**Task instructions**
Reproduce the lines below exactly, from the one containing "Overhead view of" through the one containing "Siriraj Faculty Delivered", both included. Leave out any pictures.

**Entries supplied**
--
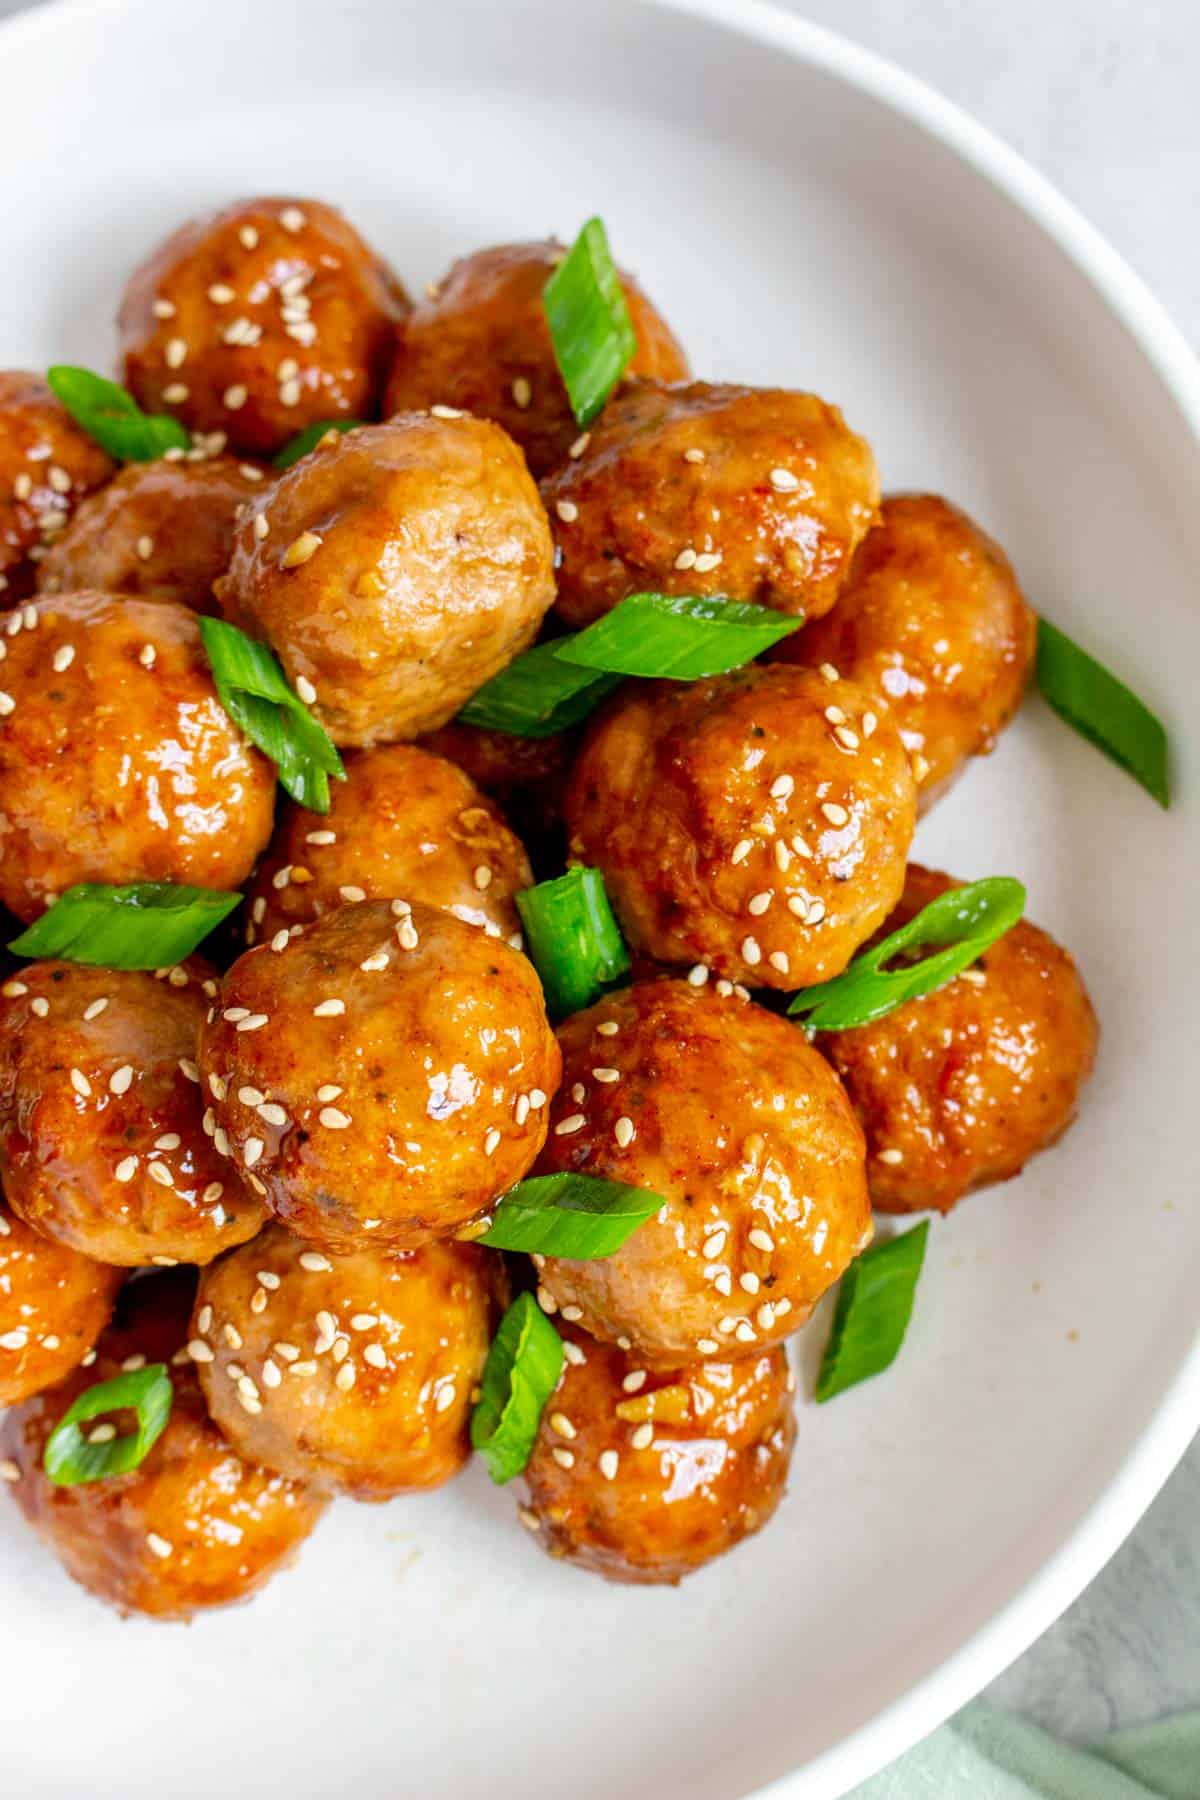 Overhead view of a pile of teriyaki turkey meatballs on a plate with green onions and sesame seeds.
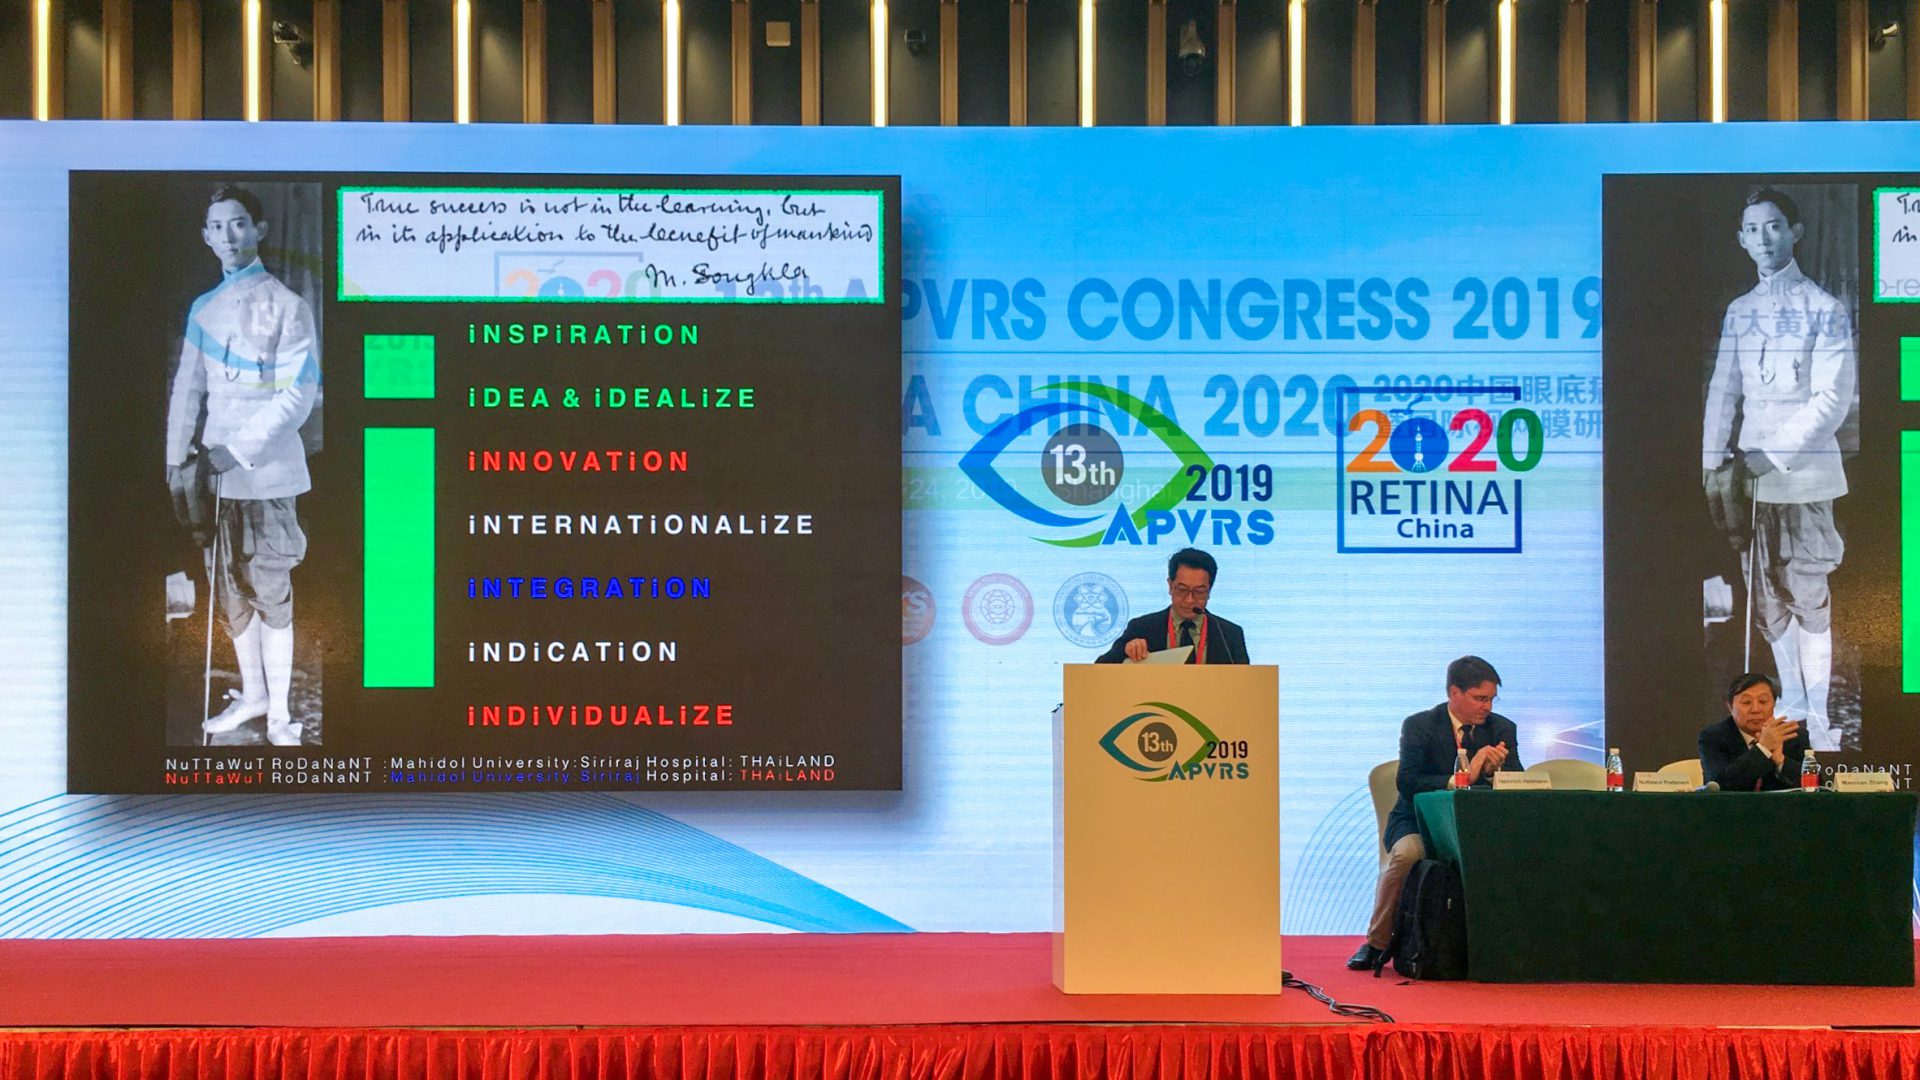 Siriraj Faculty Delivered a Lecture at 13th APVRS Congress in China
--
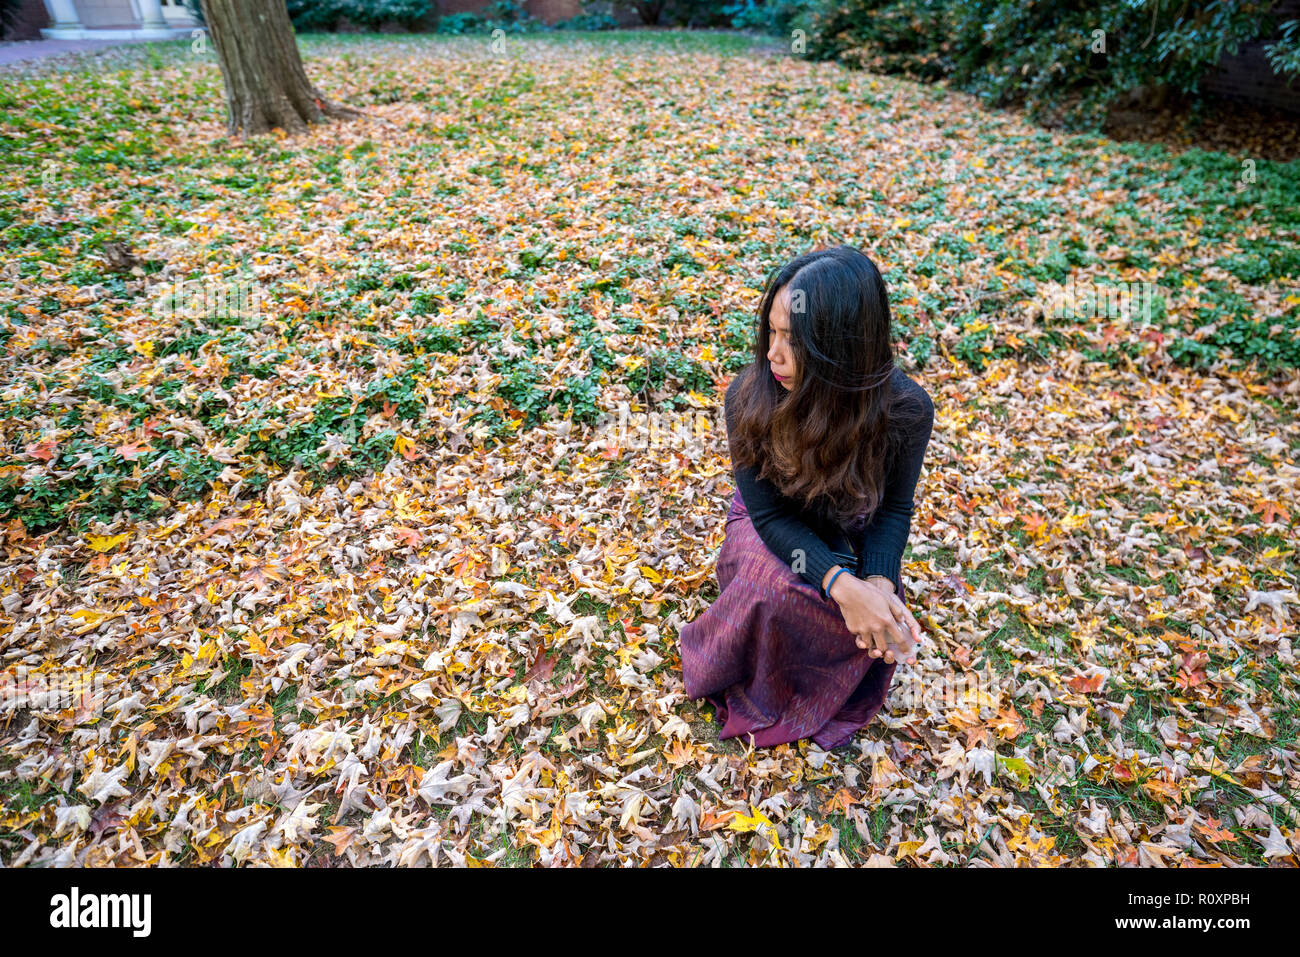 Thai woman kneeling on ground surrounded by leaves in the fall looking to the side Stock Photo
--
**Response to this exercise**
 Overhead view of a pile of teriyaki turkey meatballs on a plate with green onions and sesame seeds.
 Siriraj Faculty Delivered a Lecture at 13th APVRS Congress in China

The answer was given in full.